CachedSnapshotStore is a decorator — wrap any SnapshotStore to add an in-process LRU cache for reads.

import {
CachedSnapshotStore,
ObjectStorageSnapshotStore,
PersistenceExtensionId,
} from 'actor-ts';
const underlying = new ObjectStorageSnapshotStore({
/* S3 bucket config */
});
const cached = new CachedSnapshotStore({
underlying,
maxEntries: 1_000, // LRU size
ttlMs: 60_000, // optional TTL
});
system.extension(PersistenceExtensionId).configure({
journal: myJournal,
snapshotStore: cached,
});

Three patterns:

  1. Slow underlying store — object storage with multi-hop network latency, encrypted state with expensive decryption.
  2. Frequent actor churn — sharded entities passivating / re-spawning constantly, each load re-reading the same snapshot.
  3. Recovery storms — full-cluster restart, every actor loads its snapshot at once. Cache reduces redundant loads when the same snapshot is queried during the storm.

For local SQLite-backed snapshots (sub-millisecond reads), the cache adds overhead with no benefit. Use it only when the underlying store has measurable read latency.
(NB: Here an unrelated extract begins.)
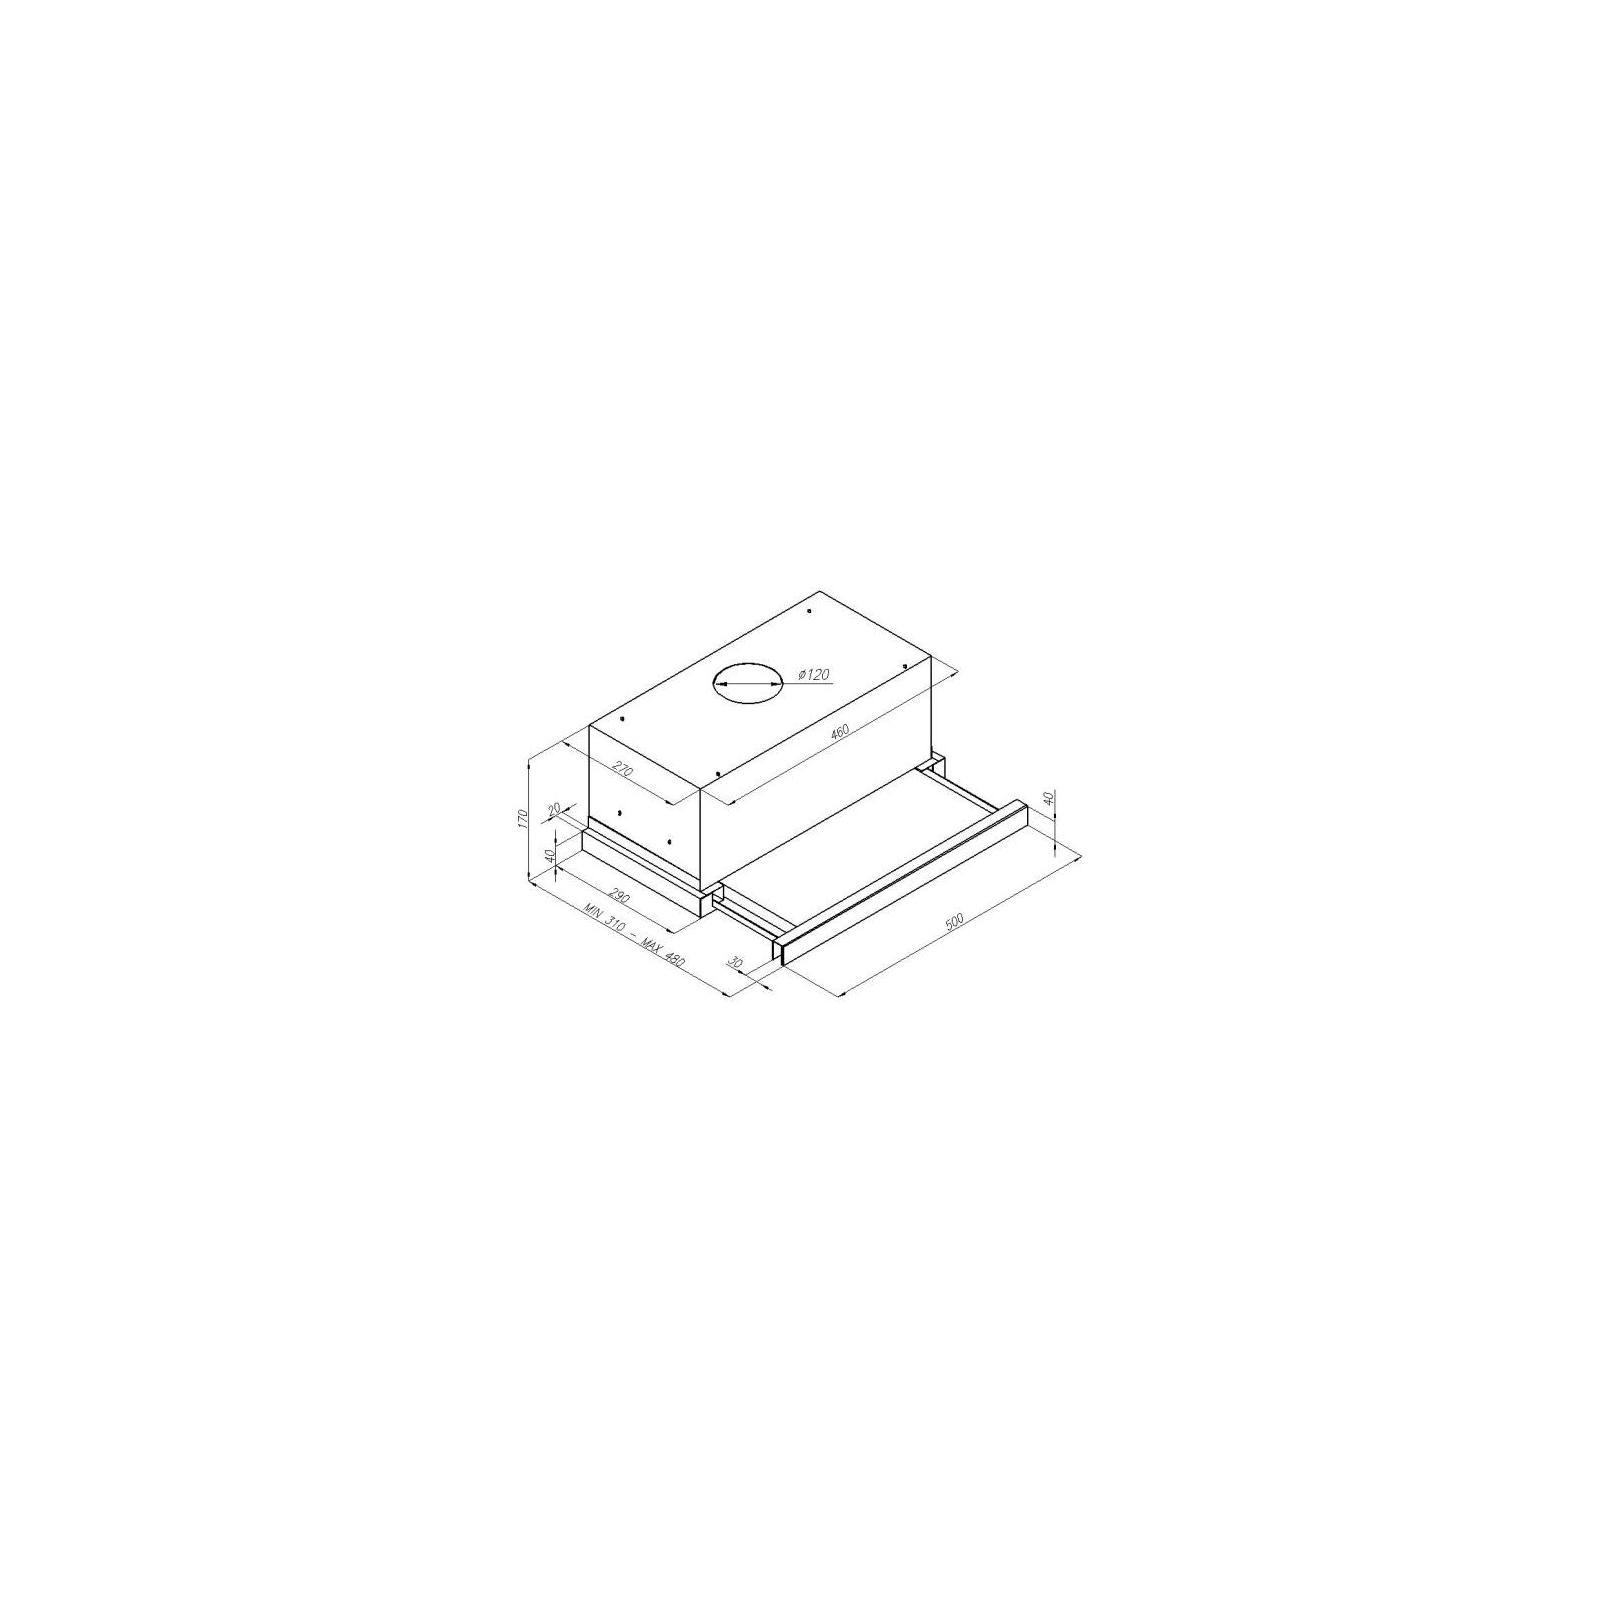 Вытяжка кухонная PERFELLI TL 5207 I изображение 7

interface CachedSnapshotStoreSettings {
underlying: SnapshotStore;
maxEntries: number; // LRU capacity
ttlMs?: number; // optional expiration
}
FieldWhat
underlyingThe real snapshot store the cache fronts.
maxEntriesMax cached entries. LRU eviction beyond this.
ttlMsOptional — drop cache entries this old. Useful if snapshots may be deleted externally.
  • loadLatest(pid) — check cache; on hit, return. On miss, load from underlying, cache the result, return.
  • save(pid, snapshot) — write through to underlying, then update the cache.
  • deleteUpTo(pid, seqNr) — write through, invalidate the pid’s cache entry.
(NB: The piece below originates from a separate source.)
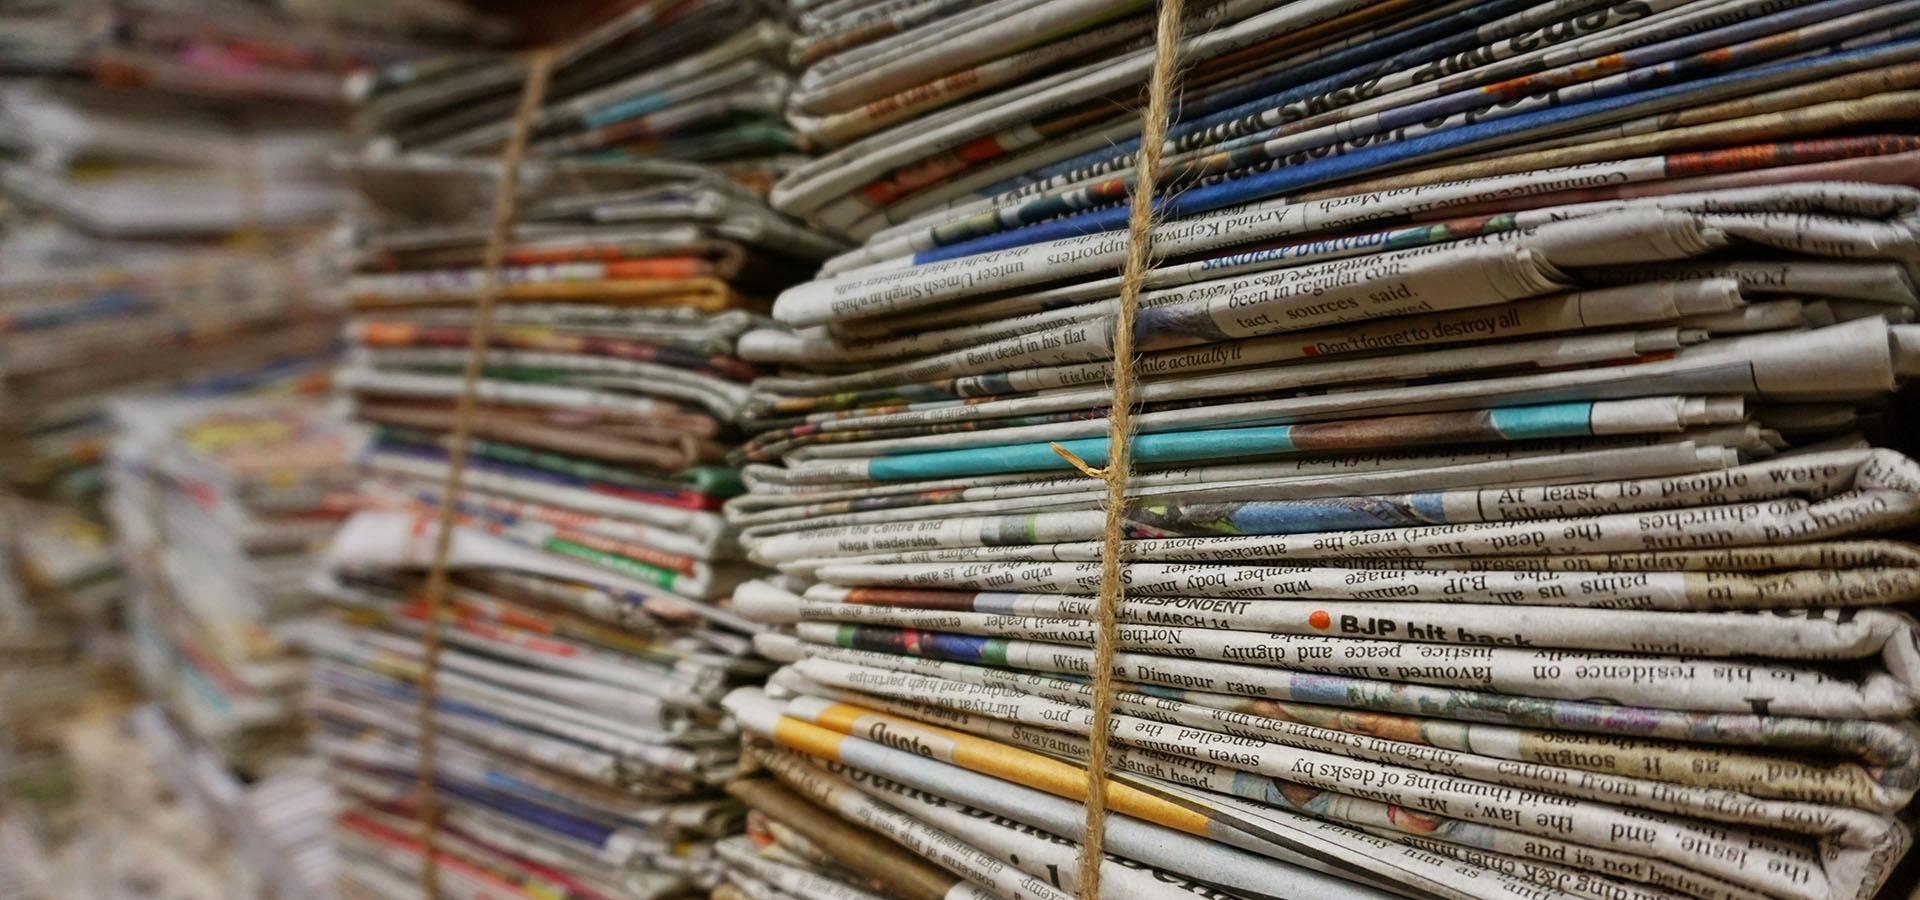 Affald papir og pap

The cache is consistent with writes — a save followed by loadLatest returns the just-saved snapshot, never a stale value.

For a slow underlying store (say, 50 ms per load), the cache turns subsequent loads of the same snapshot into sub-microsecond operations. A typical sharded-entity workload sees 80-95 % hit rate after warm-up.

The cache itself is in-process — no shared cache across nodes. For a cluster of N nodes, each has its own cache; misses on a fresh node pay the full underlying-load cost.